A Saudi court reduced the death sentences of five men convicted in the killing of dissident journalist Jamal Khashoggi to 20-year prison terms and handed shorter sentences to three other nationals.
The public prosecutor declared the case closed nearly two years after Mr. Khashoggi was killed at the Saudi Consulate in Istanbul, undermining Crown Prince Mohammed bin Salman’s reputation among some of Saudi Arabia’s most important international partners and imperiling his economic reform program, despite his continued support from President Trump.
The final verdicts came after the sons of Khashoggi, who was killed by Saudis in his country’s consulate in Istanbul in 2018, decided to forgive the killers of their father last May, in a move that paved the way for the official pardon.
In December 2019, a Saudi court sentenced 5 people to death and imprisoned others in the Khashoggi case. The Saudi Public Prosecutor said at the time that “the killing was the result of a rogue operation,” and that “11 people (whose names were not disclosed) are being tried in the case.”
Suspicions revolved around those close to Crown Prince Mohammed bin Salman, who directly carried out the assassination that took place inside the Saudi consulate in Istanbul and shocked the world with its brutality.
However, the Al Saud authorities did not bring any charges against Saud Al-Qahtani, a former advisor to the royal court, after being interrogated “due to the lack of evidence.” Ahmed Al-Asiri, deputy head of General Intelligence, was also released due to the “lack of evidence.” The Saudi consul in Istanbul, Muhammad al-Otaibi, was acquitted.
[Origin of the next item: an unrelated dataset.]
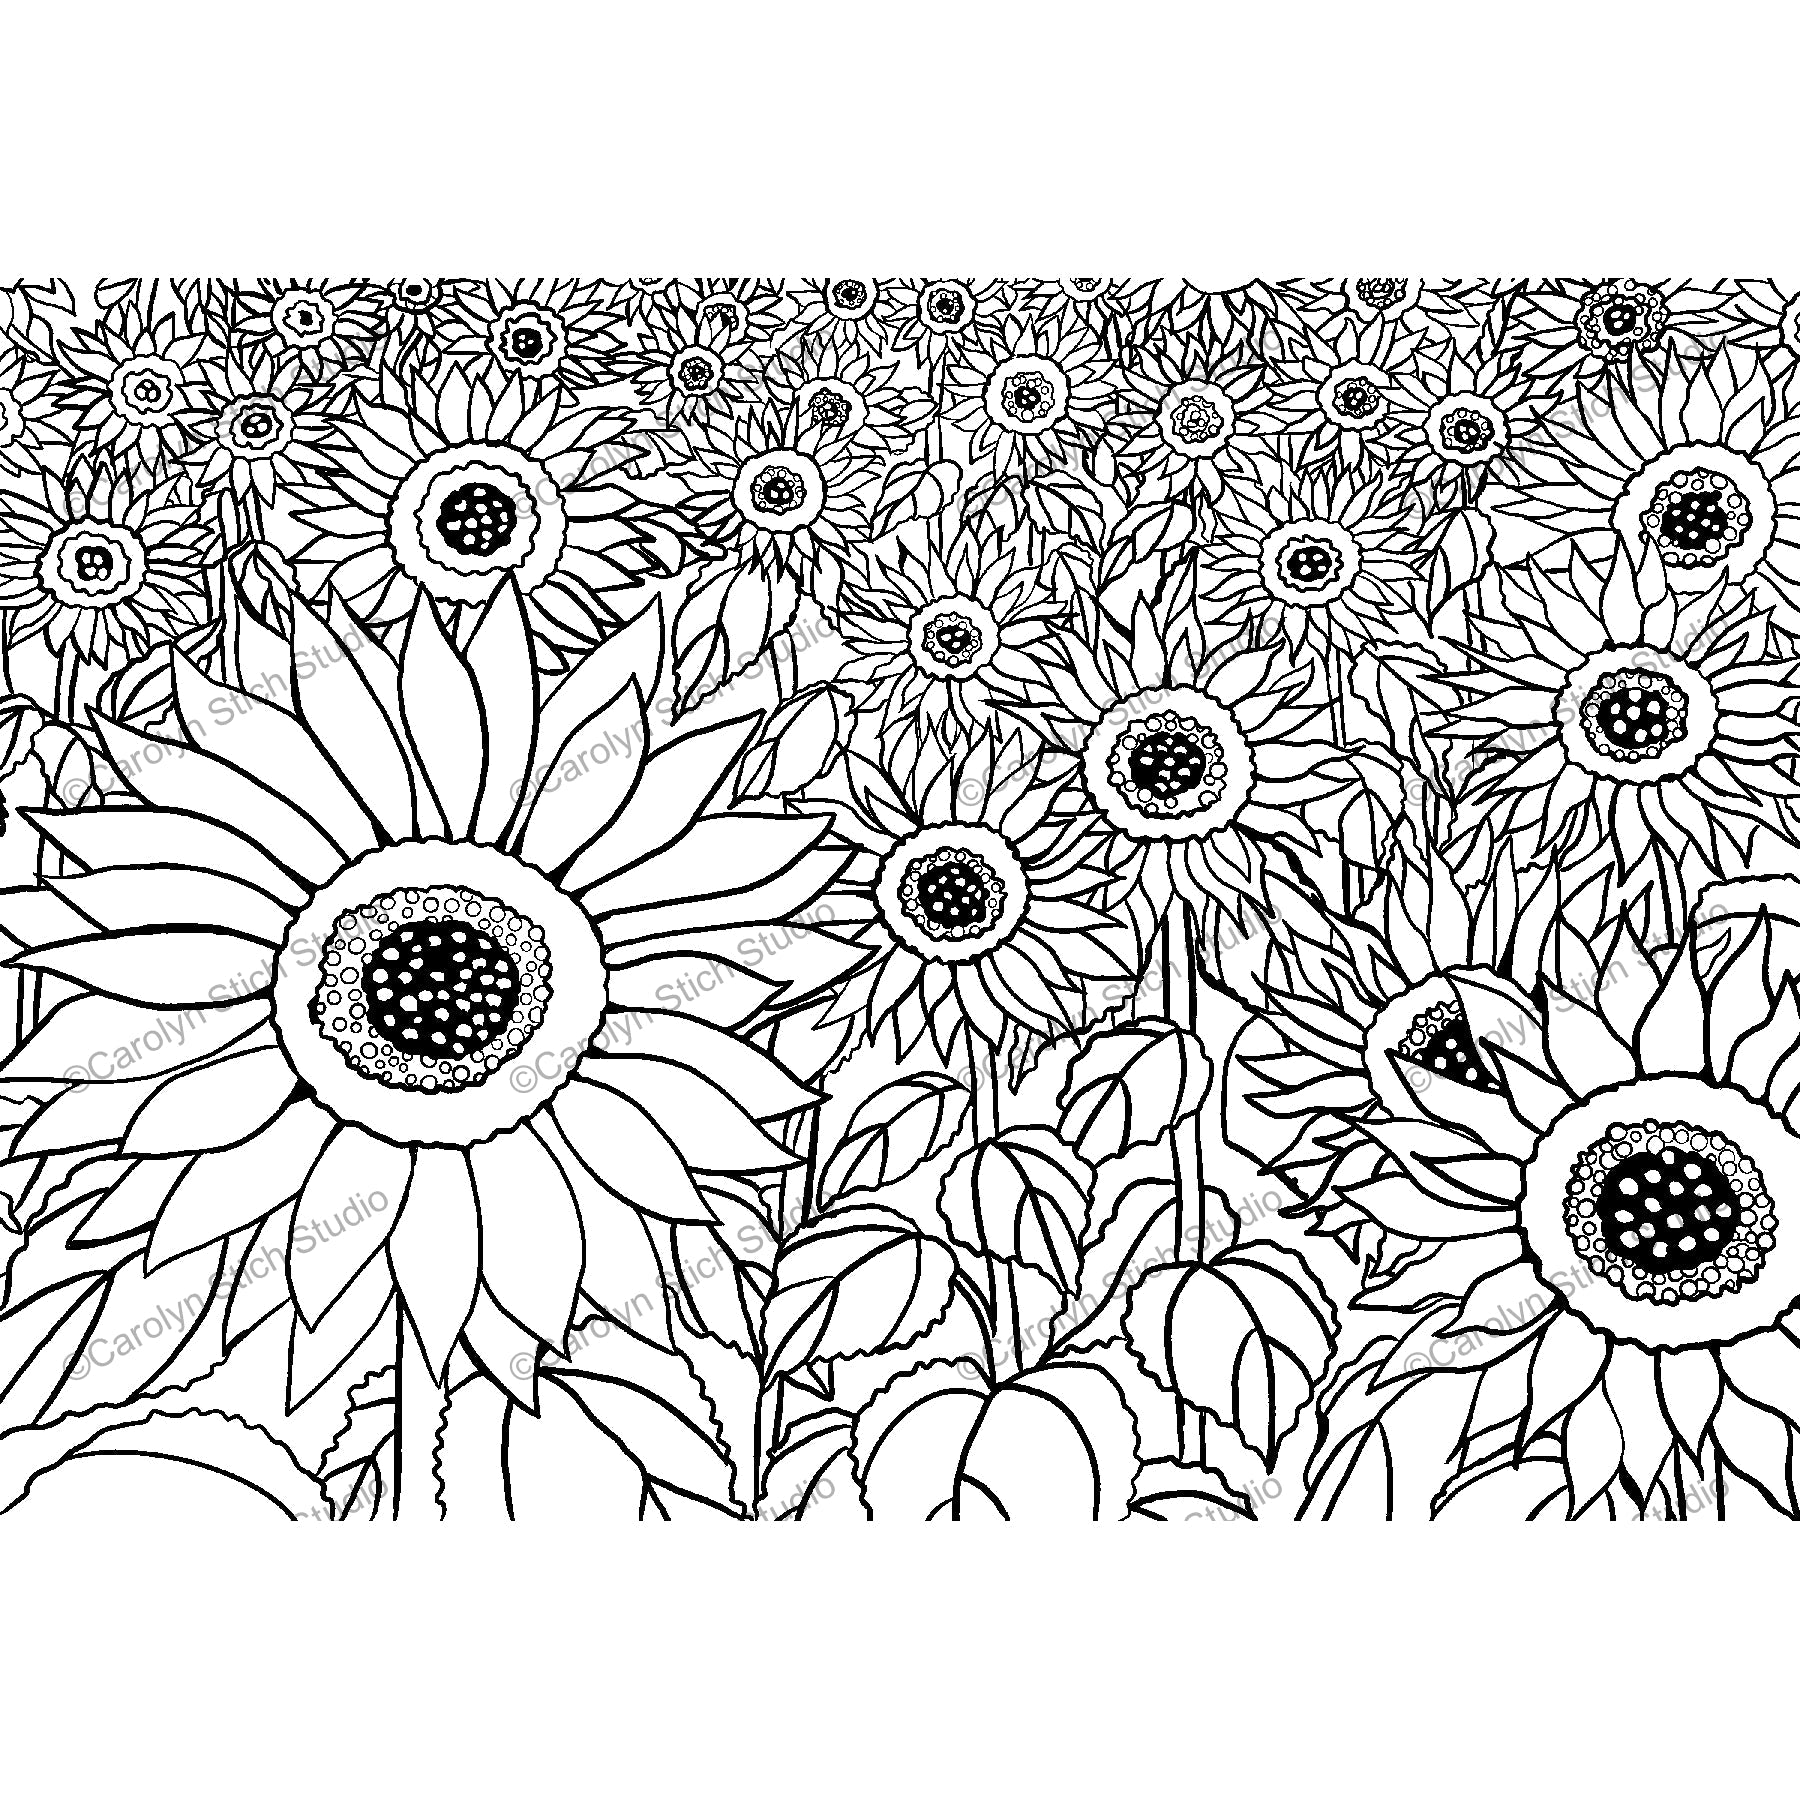 Sunflower Field, rug hooking pattern

These Saudi rulings came at the time despite the issuance of an international investigation led by the UN investigator, Anis Callamard, which concluded that the assassination was carried out with “higher orders.”
Khashoggi, 59, disappeared after entering his country’s consulate in Istanbul, Turkey, on October 2, 2018, to obtain documents for his upcoming marriage, but it was later revealed that he was killed, and his body dismembered, which Saudi Arabia initially denied.
After 18 days of his disappearance, and after a wide global condemnation campaign, Riyadh acknowledged the killing of Khashoggi in his country’s consulate in Istanbul following a “quarrel” with Saudi officials, and said that it had arrested 18 Saudis over the incident, while not clarifying the location of his body.